Magnetic Impurity States and Ferromagnetic Interaction in Diluted Magnetic Semiconductors

TL;DR

This paper investigates the electronic structure of diluted magnetic semiconductors, highlighting how hybridization-induced holes around impurities facilitate ferromagnetic interactions, analyzed through an extended Haldane-Anderson model.

Contribution

It extends the Haldane-Anderson model to magnetic impurities and demonstrates the role of hole overlap in mediating ferromagnetic interactions in diluted magnetic semiconductors.

Findings

Holes are created in the valence band due to impurity-host hybridization.

Localized magnetic moments form around impurities.
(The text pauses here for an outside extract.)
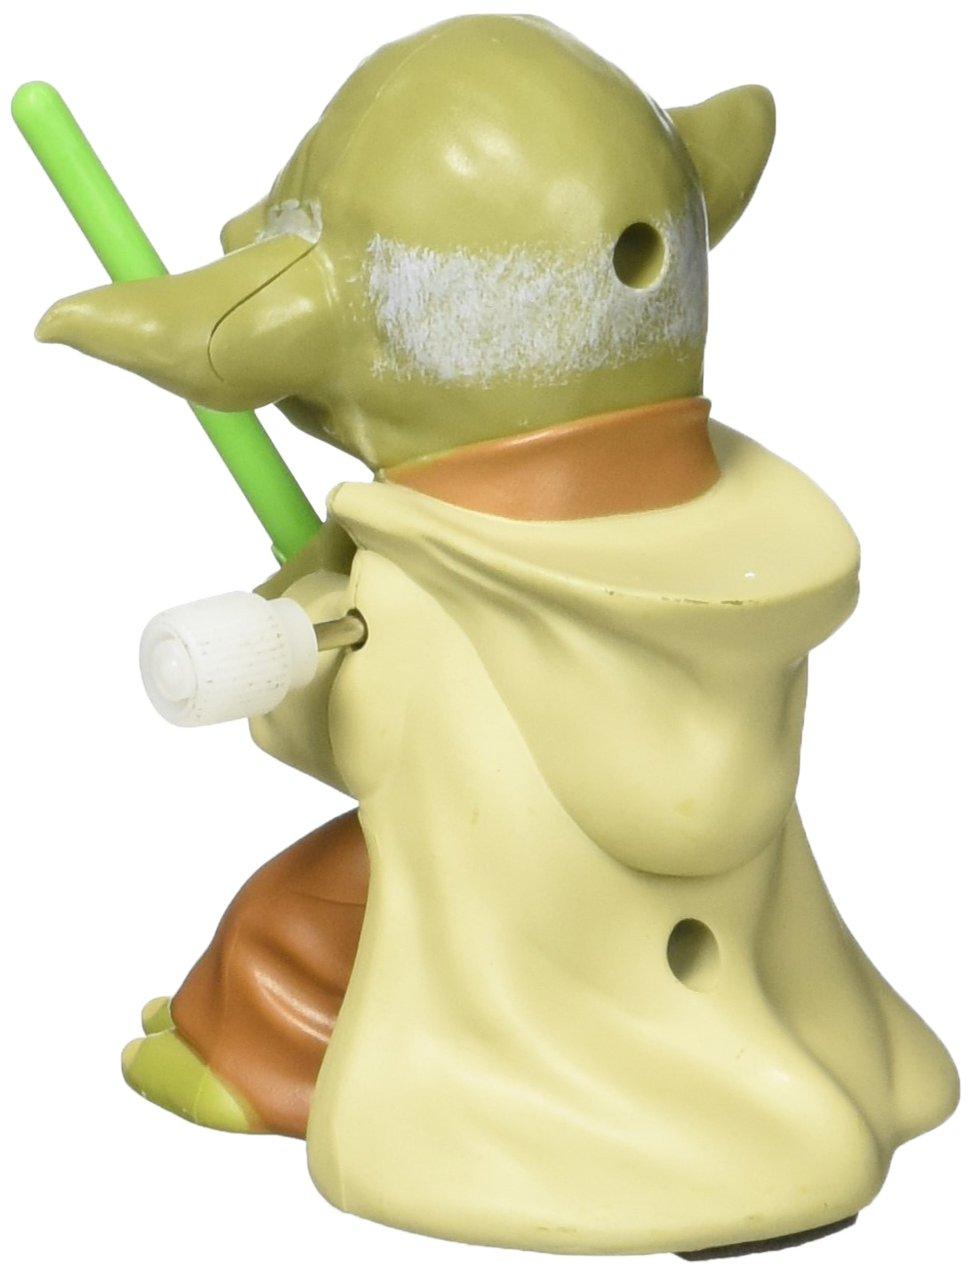 Star Wars Disney Yoda Wind-up Flipping Toy by Star Wars (Image #2)

Overlap of holes favors ferromagnetic interaction when impurities are close.

Abstract

The electronic structure of diluted magnetic semiconductors is studied, especially focusing on the hole character. The Haldane-Anderson model is extend to a magnetic impurity, and is analyzed in the Hartree-Fock approximation. Due to the strong hybridization of an impurity d-states with host p-states, it is shown that holes are created in the valence band, at the same time the localized magnetic moments are formed. These holes are weakly bound around the impurity site with the characteristic length of several lattice constants. For the case of the two impurities, it is found that when the separation of two impurities is of the order of the length of holes, the overlap of these holes favors the ferromagnetic interaction. The spatially extended holes play an essential role for the ferromagnetic exchange interaction.